* [What the exercise asks] The lines to be extracted begin at the line containing "NSWDG - NEW" and end at the last line of the data below; copy them exactly and leave out the pictures.

::: Data excerpt :::

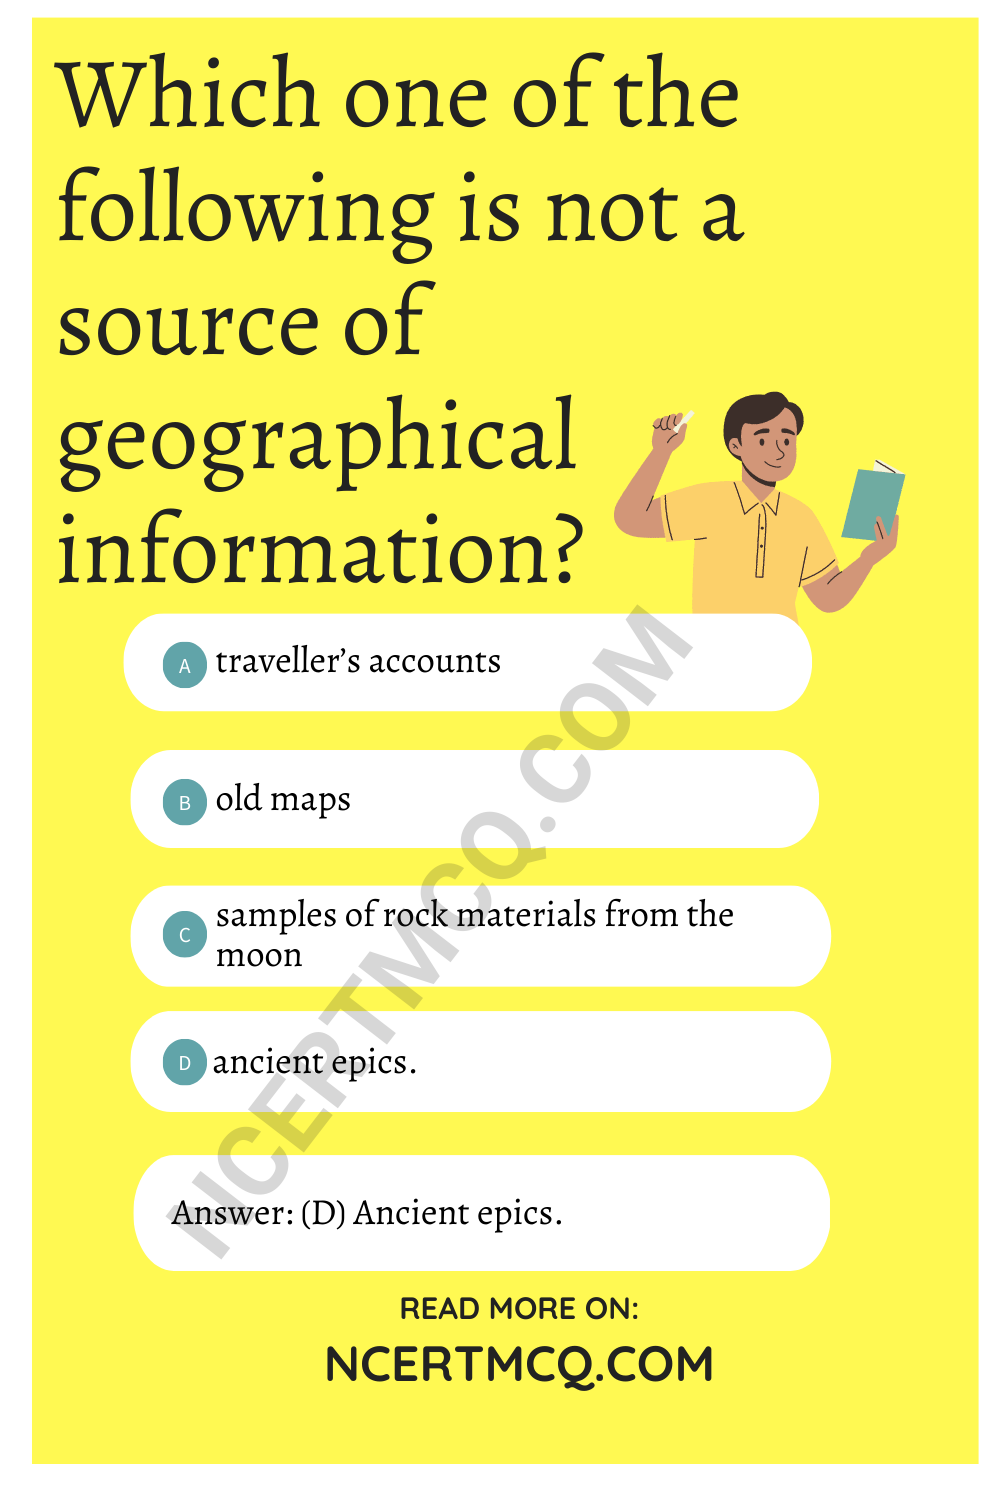 Which one of the following is not a source of geographical information?
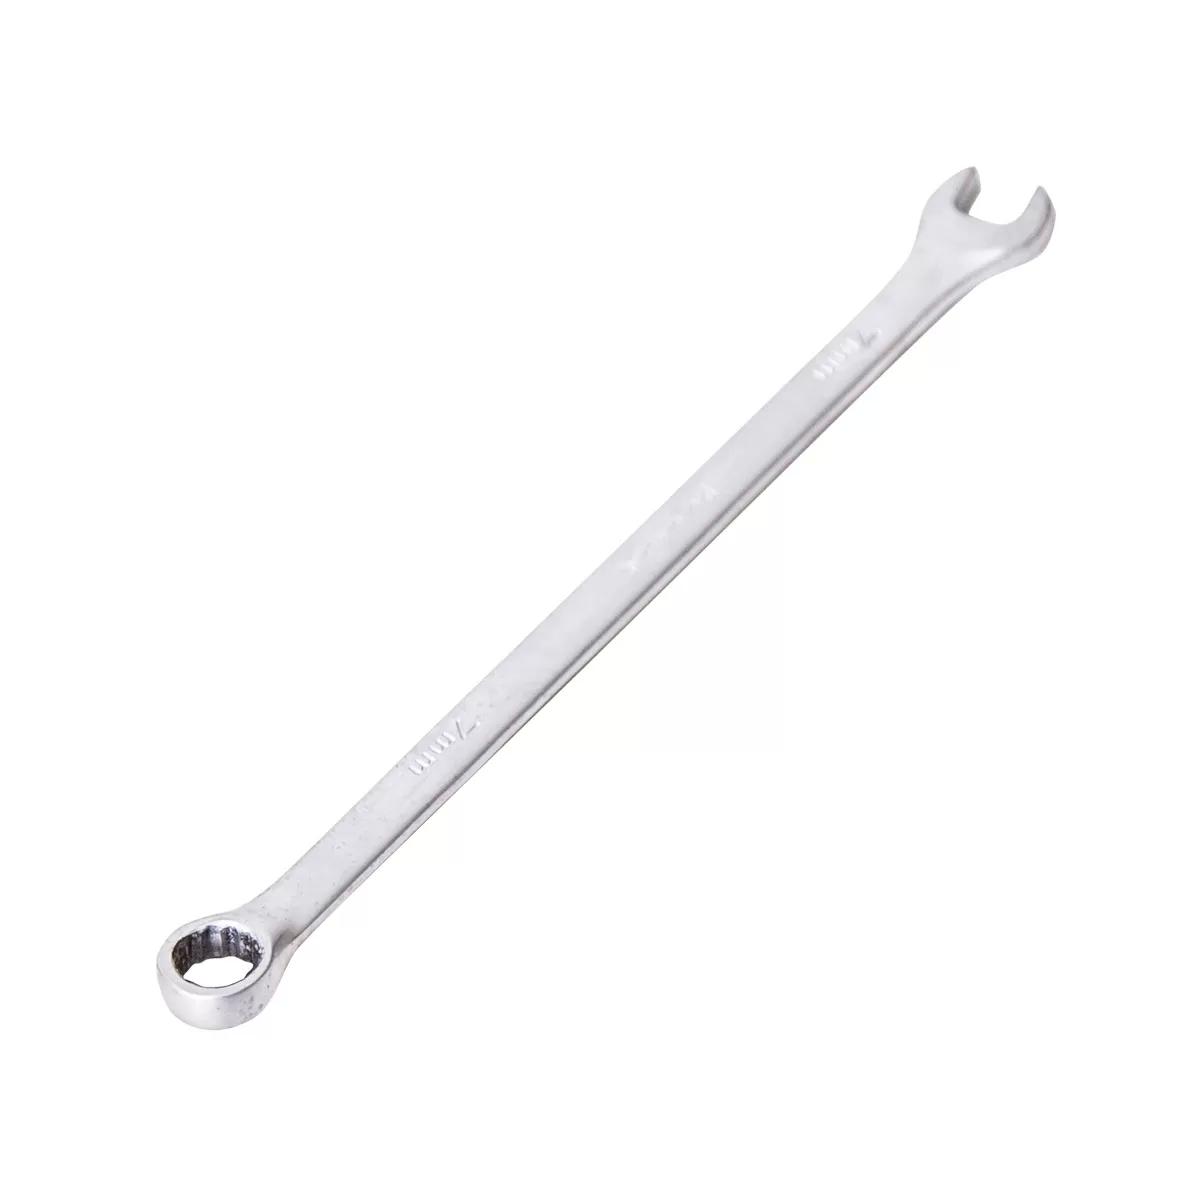 Combination wrench 7mm 
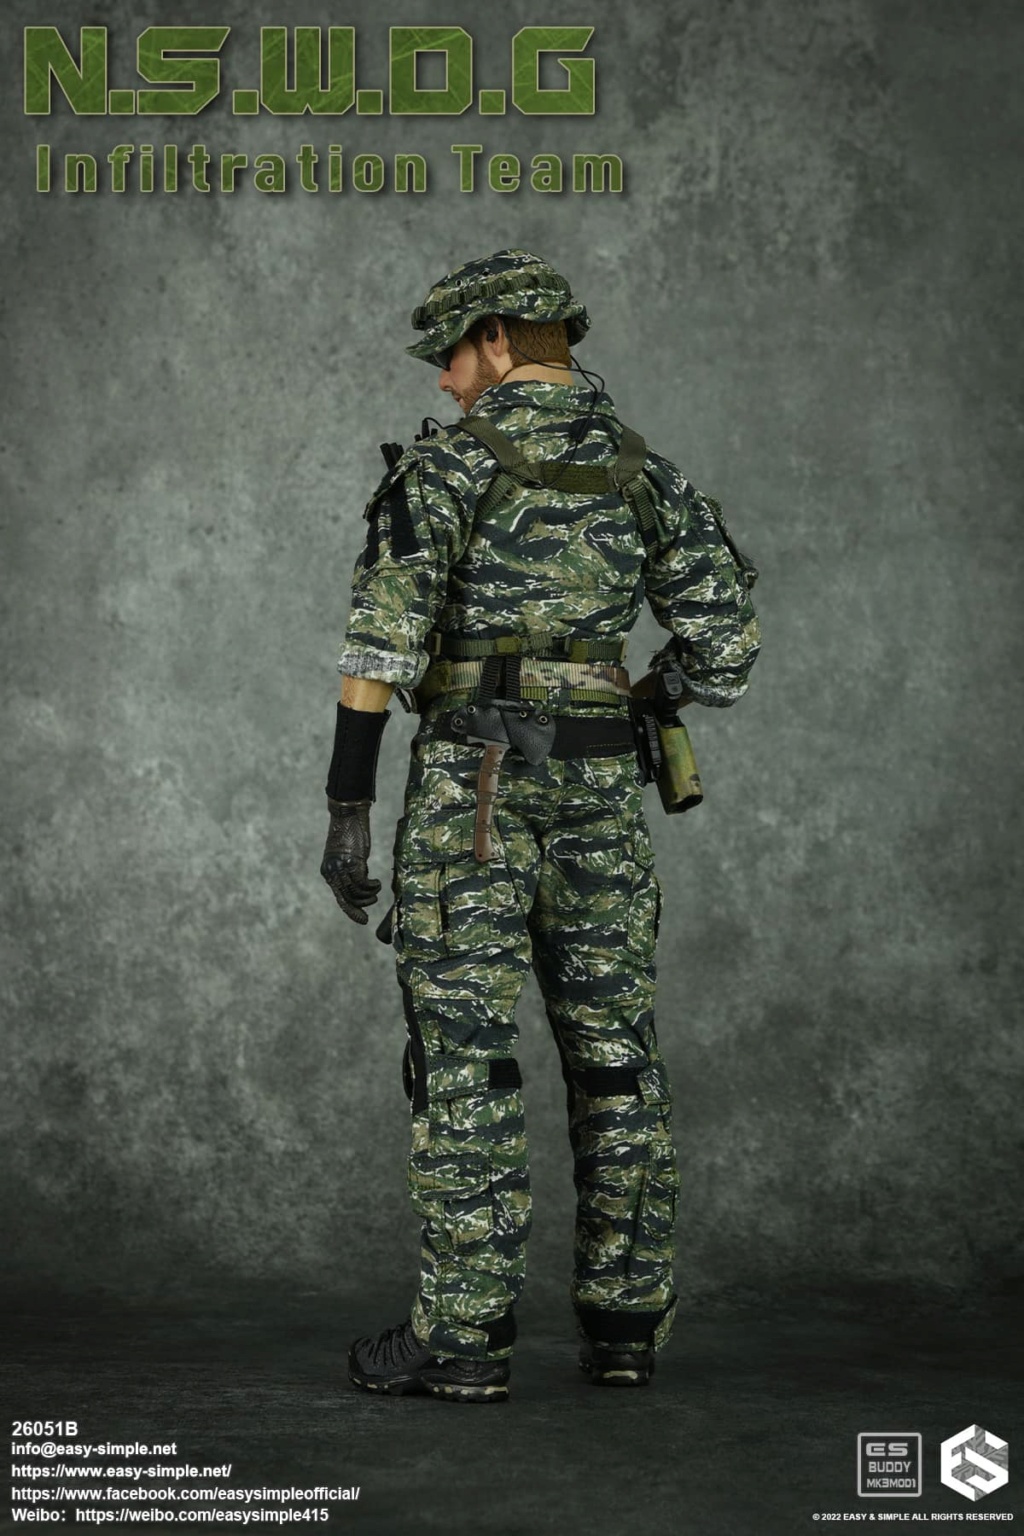 NSWDG - NEW PRODUCT: EASY AND SIMPLE 1/6 SCALE FIGURE: N.S.W.D.G INFILTRATION TEAM - (2 Versions) 7603
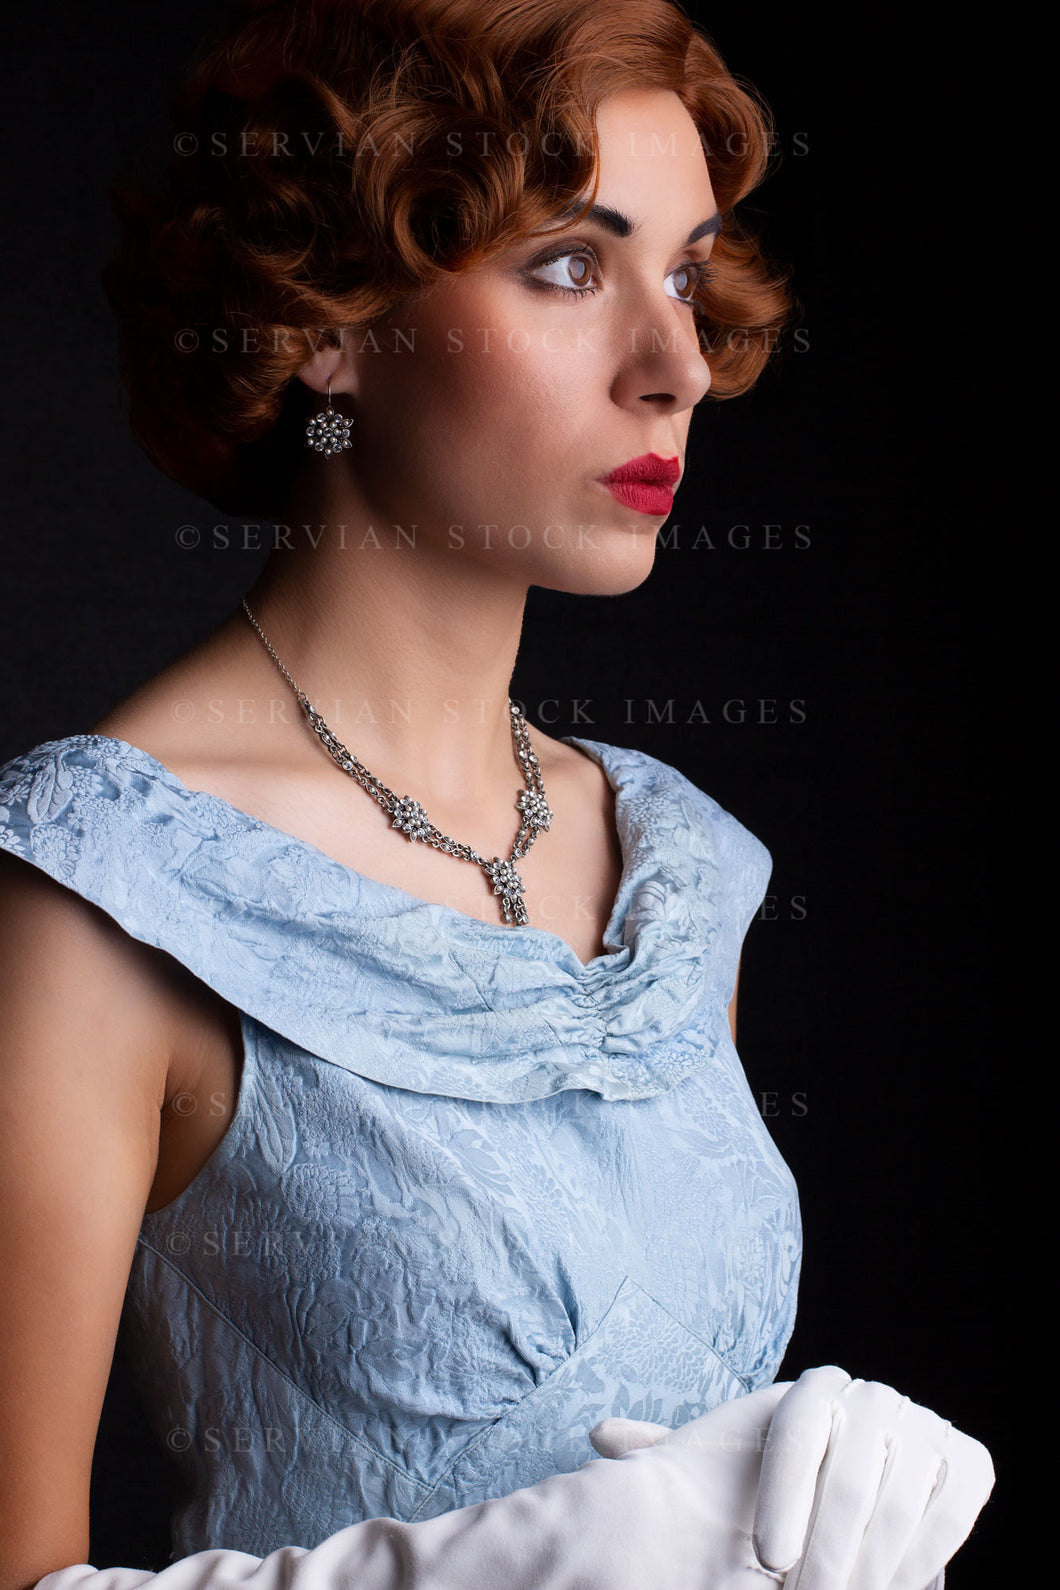 1930s woman wearing a blue vintage dress, long white gloves, and a diamante necklace against a black backdrop.(Sarah 0238)

:::

* [Reply]
 NSWDG - NEW PRODUCT: EASY AND SIMPLE 1/6 SCALE FIGURE: N.S.W.D.G INFILTRATION TEAM - (2 Versions) 7603
 1930s woman wearing a blue vintage dress, long white gloves, and a diamante necklace against a black backdrop.(Sarah 0238)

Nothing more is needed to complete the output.